In late October I hosted (with fantastic help from Kim Meredith) a group of 80 teachers in a World Cafe as part of the BC Teacher's for Peace and Global Education conference in Victoria, BC. The conference theme was "The Green Challenge: Environmental Sustainability and the Challenges for Canada". After a morning panel with speakers including Green Party Leader Elizabeth May, Irwin Blanca, Dr. Richard Kool and Dr. Frank Tester, the teachers moved into a flurry of conversation over lunch and then on to the Cafe for the first few hours of the afternoon.
At the end of the Cafe I asked the teachers to reflect on two questions and I share some of the Harvest with you here:
1. "What has been your major learning or insight so far?"
“Both private and public school teachers see the change danger of education becoming irrelevant due to overregulation which keeps teachers from teaching their passion.”
“Self-education, reflection, action. Education is crucial to critical thinking and action.”
“Even if ‘administration’ may not be supportive of certain actions continue your passion, engage, collaborate for sustainability and for the good, colleagues will thrive off of your energy and a new synergy will be born. Self-educate, reflect, action (a great motto).”
“To effect change in my students it takes active involvement by the teacher and the students to engage interest and promote growth and commitment. Go outside the classroom.”
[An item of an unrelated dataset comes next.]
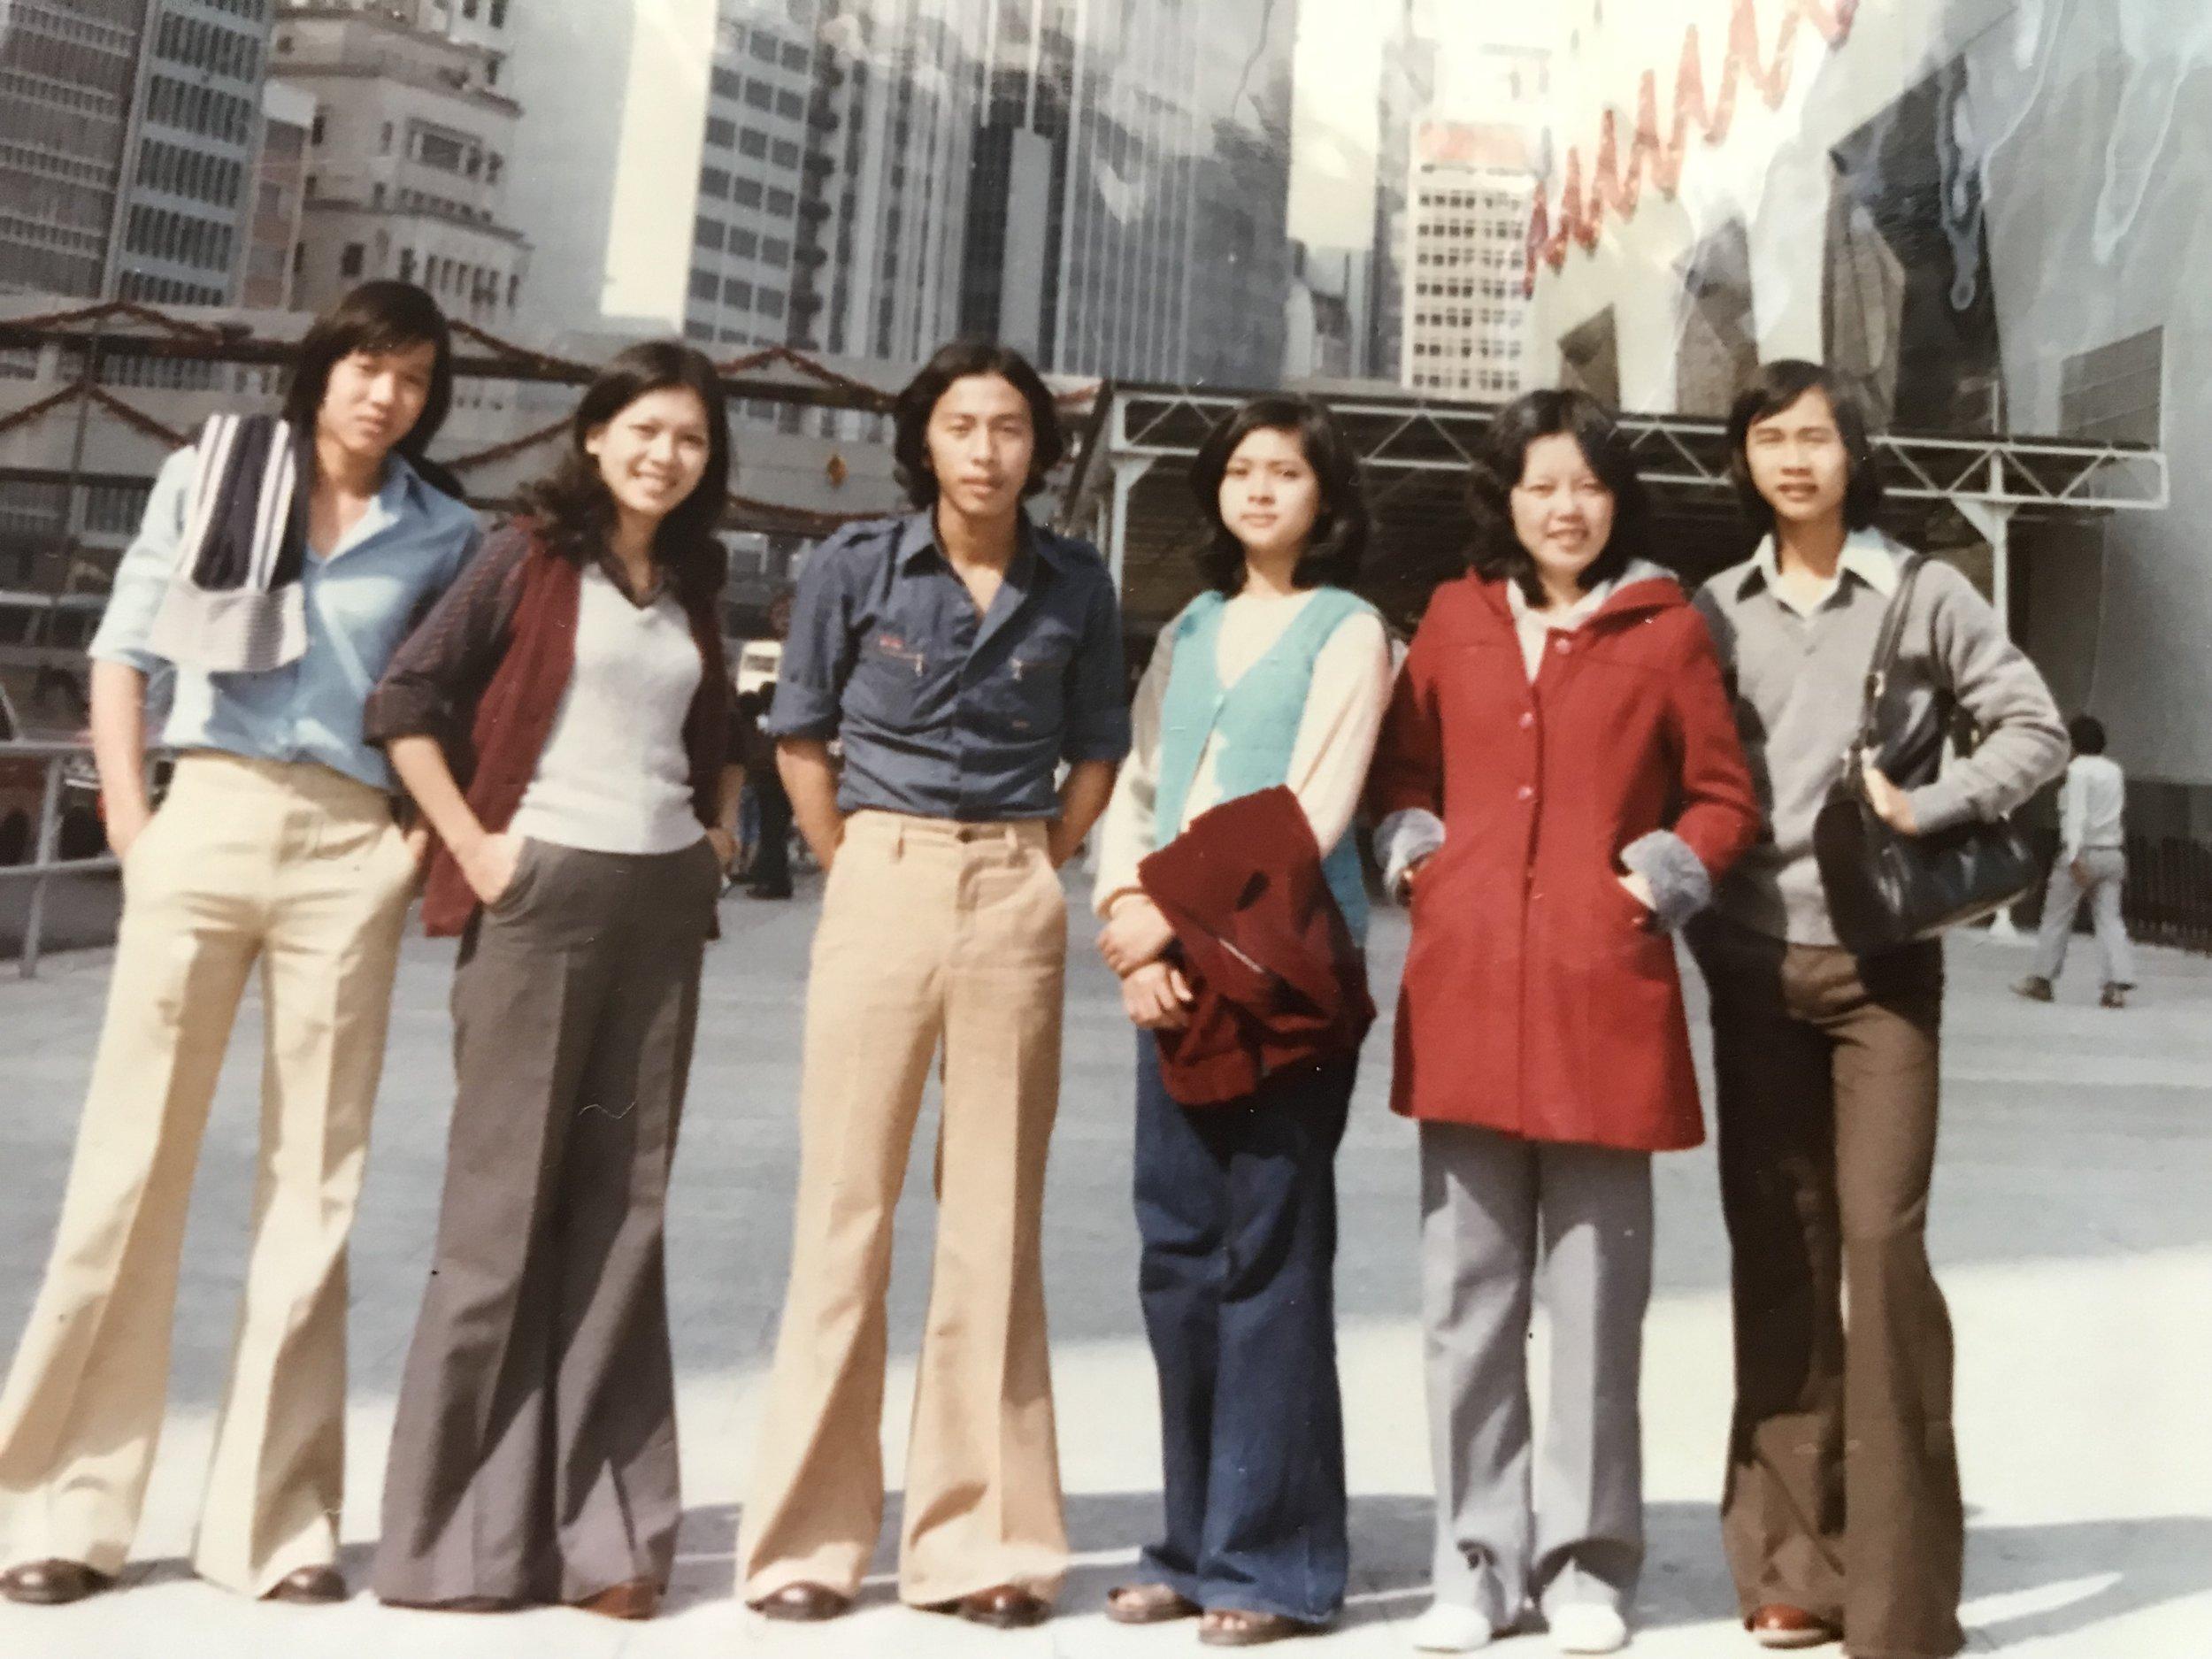 Ra phố của đảo Hong Kong (Hương Cảng) chơi, sau khi được chính quyền Hong Kong công nhận cho tư cách tỵ nạn chính trị (1979.)  Quang cảnh đường phố lúc đó trông vắng vẻ, không như ngày nay vì thành phố quá đông đúc người, khiến cho các bức hình chụp trên phố luôn không tránk khỏi phải dính kèm thêm những người qua lại trên đường phố.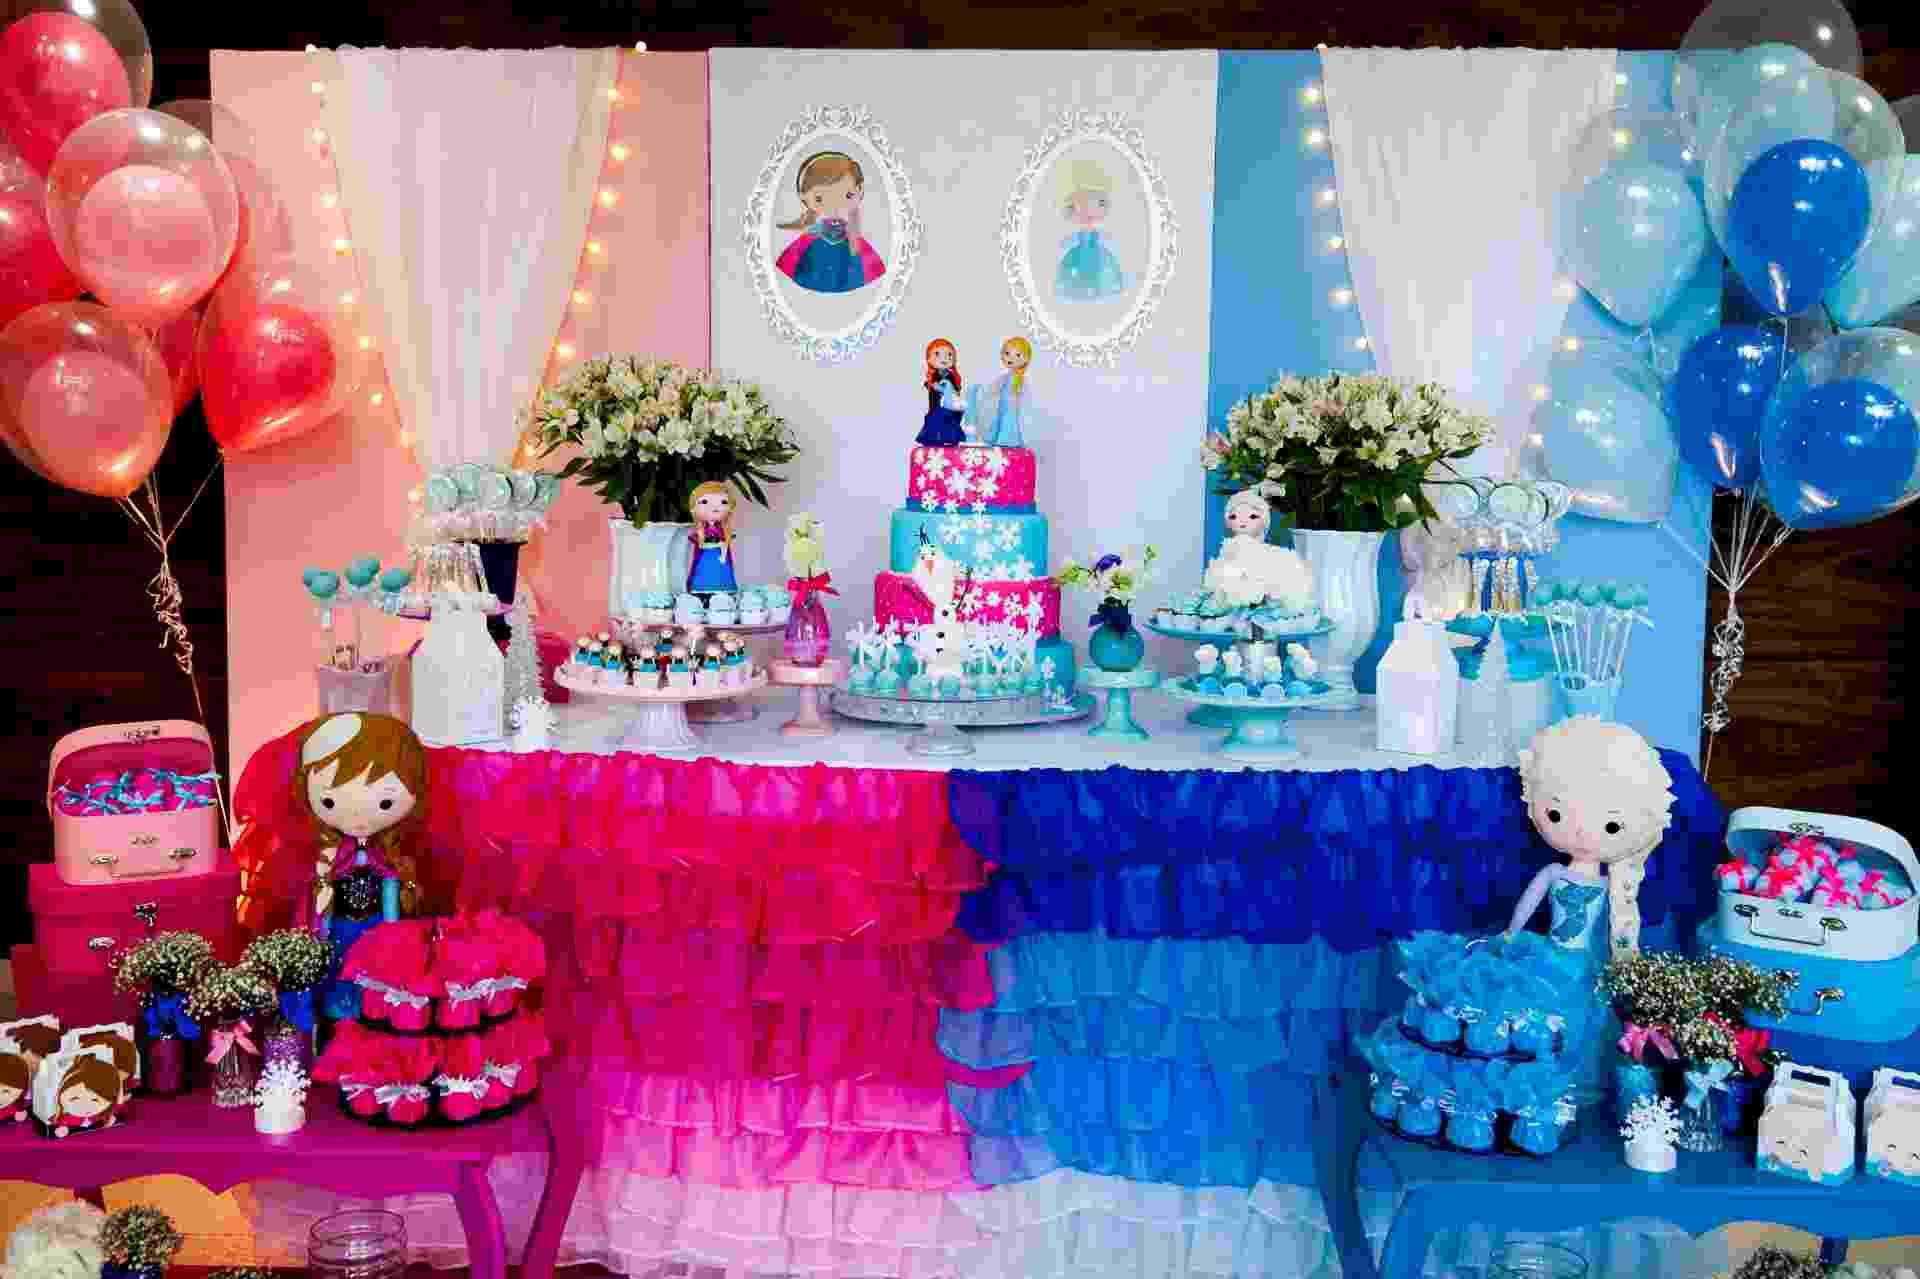 4bd818da13 Arco de bexigas é passado  veja como decorar a parede atrás da mesa do bolo

“To ensure that I am relaying messages of HOPE and not despair to my students.”
2. "What will it take to create change on this issue?"
“Face fear, be courageous, listen to understand others viewpoints and focus on our common values. Encourage dialogue – open and inviting. Model action/behaviours that show maturity and responsibility. More curriculum to be ecologically-based.”
“Create more opportunities to connect to as many others as possible, students and teacher. Recognize and share common goals with as many people as possible.”
“Bring students, facilities/grounds keepers, teachers, principals and janitors together in a multi-stakeholder group (Sustainability Advisory Committee) so that we are accountable in a democratic decision-making process. Provide training and education opportunities for school staff including groundskeepers and janitors.”
“Let teachers administrate. Let teachers challenge their students. Let students help create their own curriculum.”
These are some of many heartfelt comments that were gathered that afternoon after a rich and energetic conversation. It's clear that the teachers who were present are passionate and caring individuals looking to create positive change for their students, the wider community and the world.